Overview
FAR 30.602 outlines the process and criteria for the Cognizant Federal Agency Official (CFAO) to determine if a cost impact resulting from a CAS change or noncompliance is significant enough to warrant a formal contract price adjustment. It provides the procedural framework for dismissing negligible impacts while maintaining the Government’s right to future adjustments.
Key Rules
- Criteria for Determination: The CFAO must use the specific materiality criteria established in 48 CFR 9903.305 to evaluate cost impacts.
- Timing and Evidence: A determination can be made before or after a General Dollar Magnitude (GDM) proposal is submitted, but it must always be supported by adequate documentation.

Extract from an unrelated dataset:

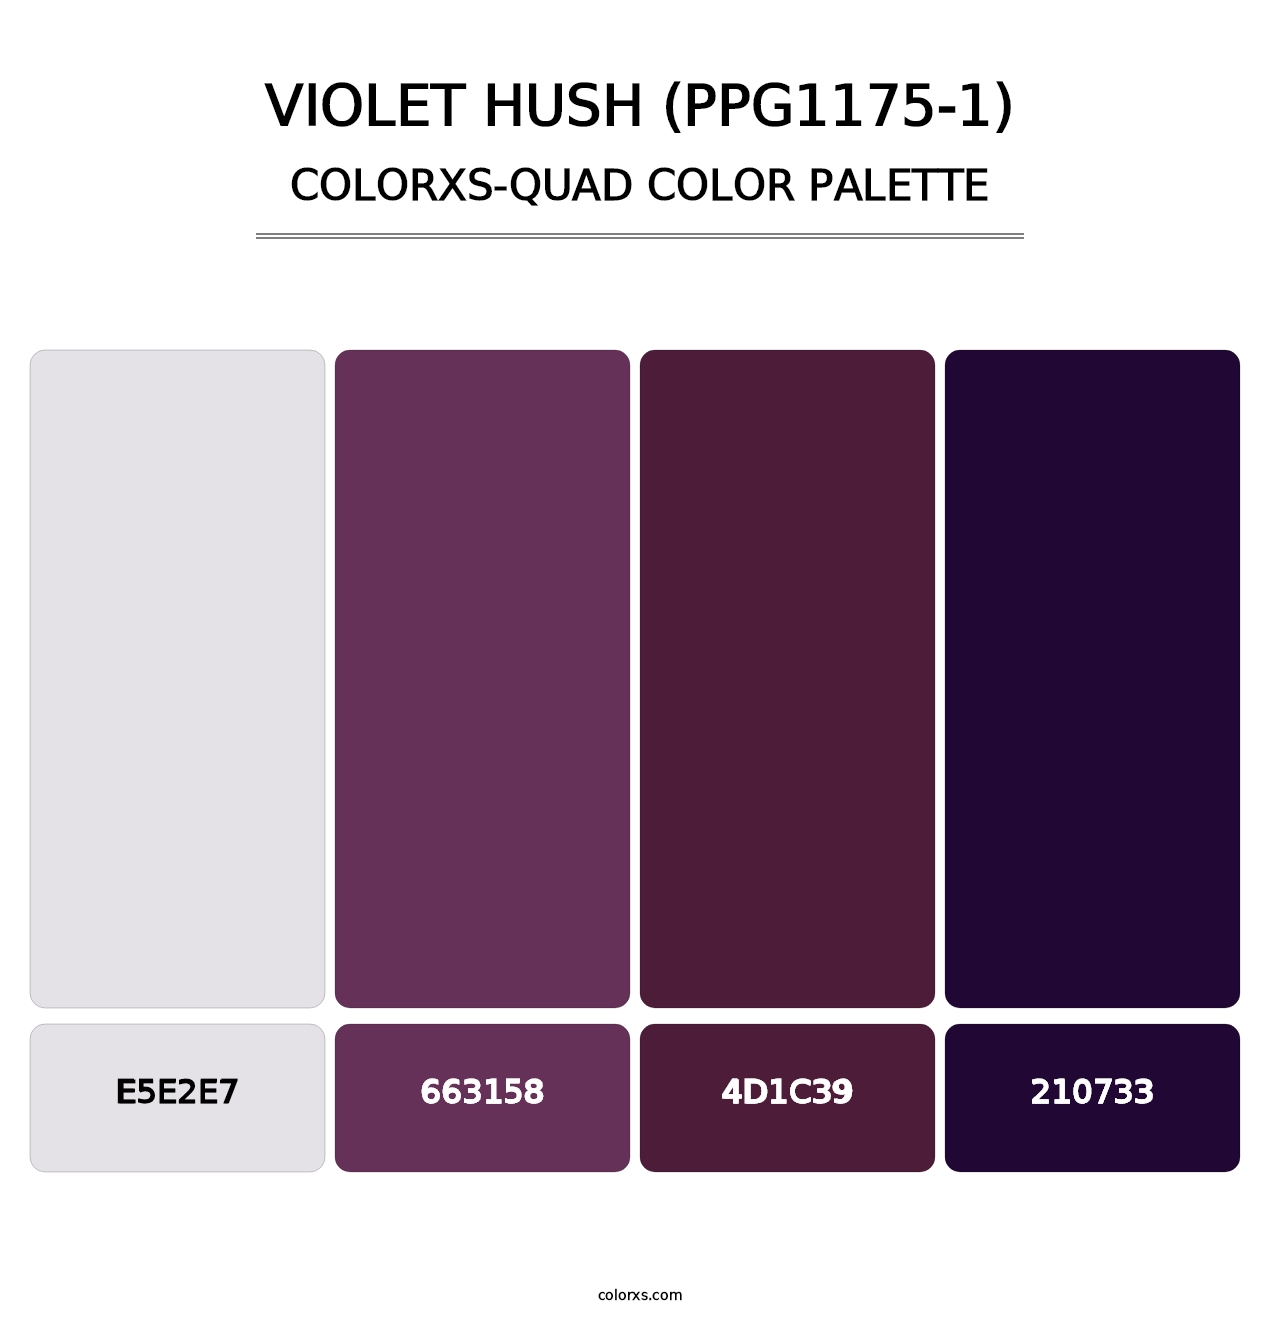 Violet Hush (PPG1175-1) - Colorxs Quad Palette

- Handling Immaterial Impacts: If the impact is immaterial, the CFAO concludes the process without contract adjustments, documents the rationale, and notifies the contractor to correct any underlying noncompliance.

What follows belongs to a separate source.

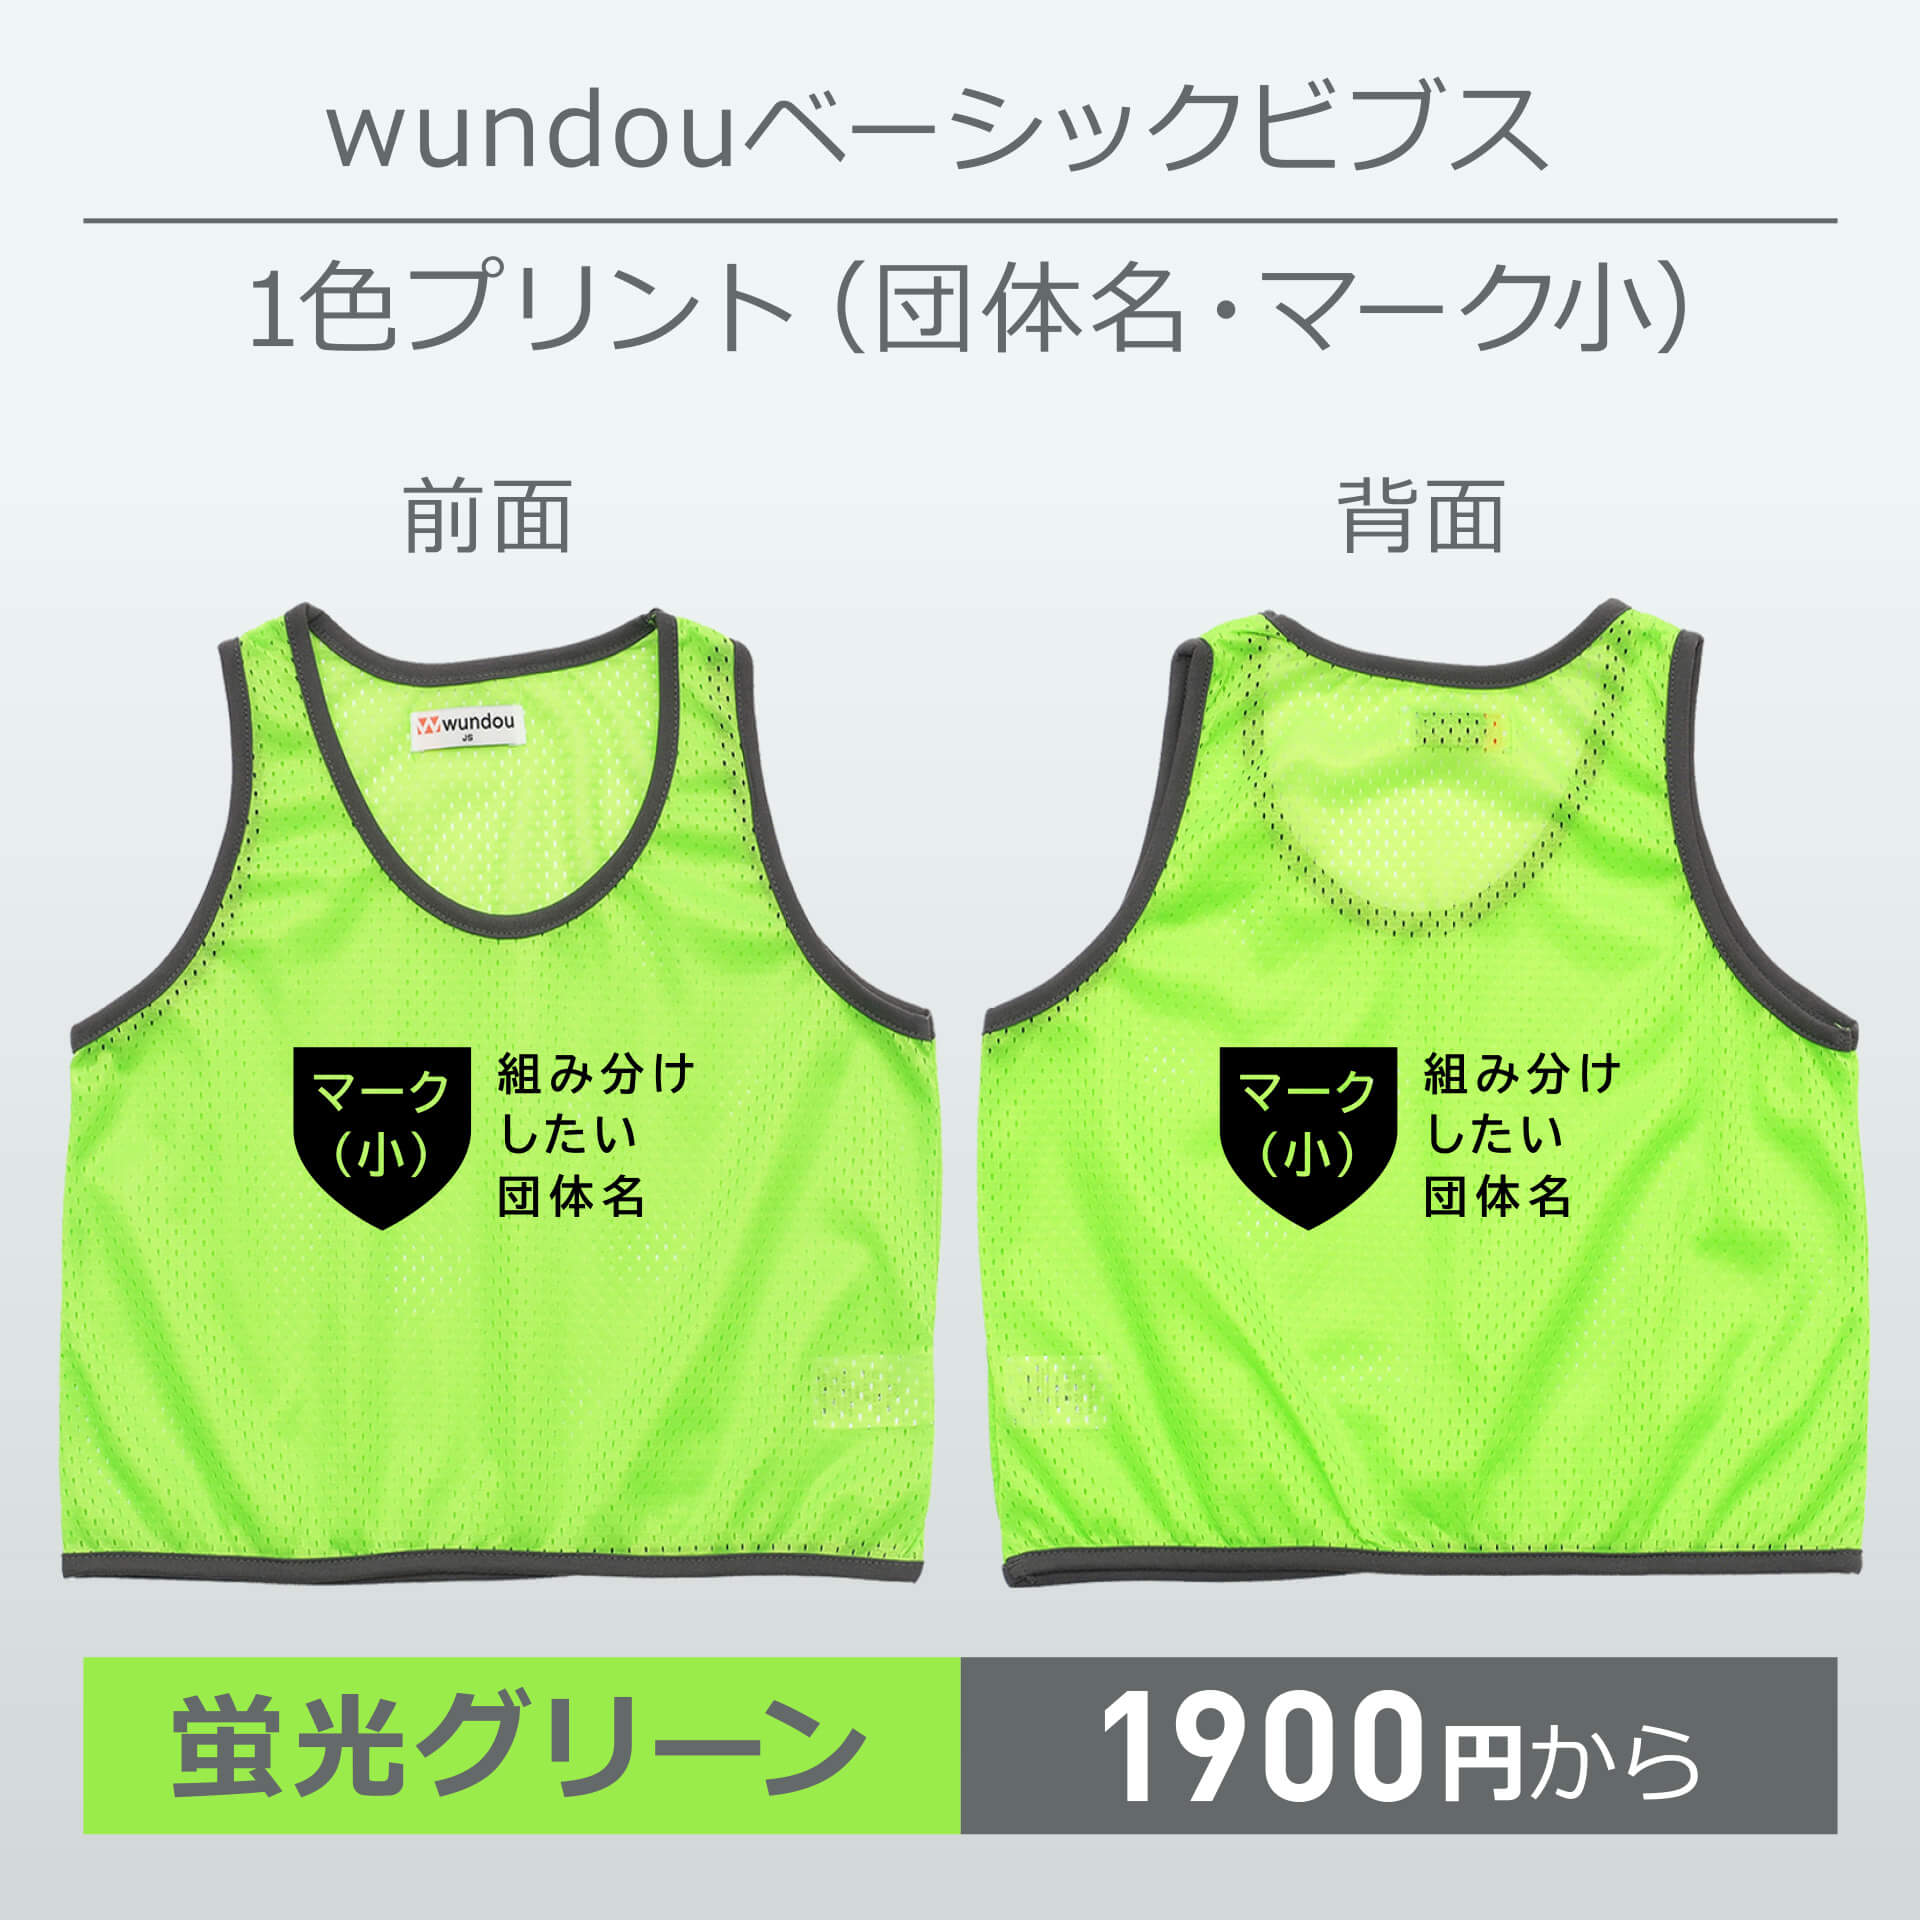 wundou・ベーシックビブス・1色プリント(団体名・マーク小)・蛍光グリーン

- Reservation of Rights: For uncorrected immaterial noncompliances, the Government expressly reserves the right to make adjustments in the future should the cost impact become material.
- Mandatory Procedures for Material Impacts: When an impact is deemed material, the CFAO is required to follow the formal adjustment and notification procedures specified in FAR 30.603 through 30.606.
Practical Implications
- Administrative Efficiency: This section allows the CFAO to waive burdensome negotiations and administrative costs for both parties when the financial impact of an accounting change does not justify the effort of a formal adjustment.
- Ongoing Compliance Risk: Contractors remain obligated to fix noncompliant accounting practices even if the current impact is immaterial; failure to do so creates a "latent" liability that the Government can trigger if the contractor’s business base or cost structure changes.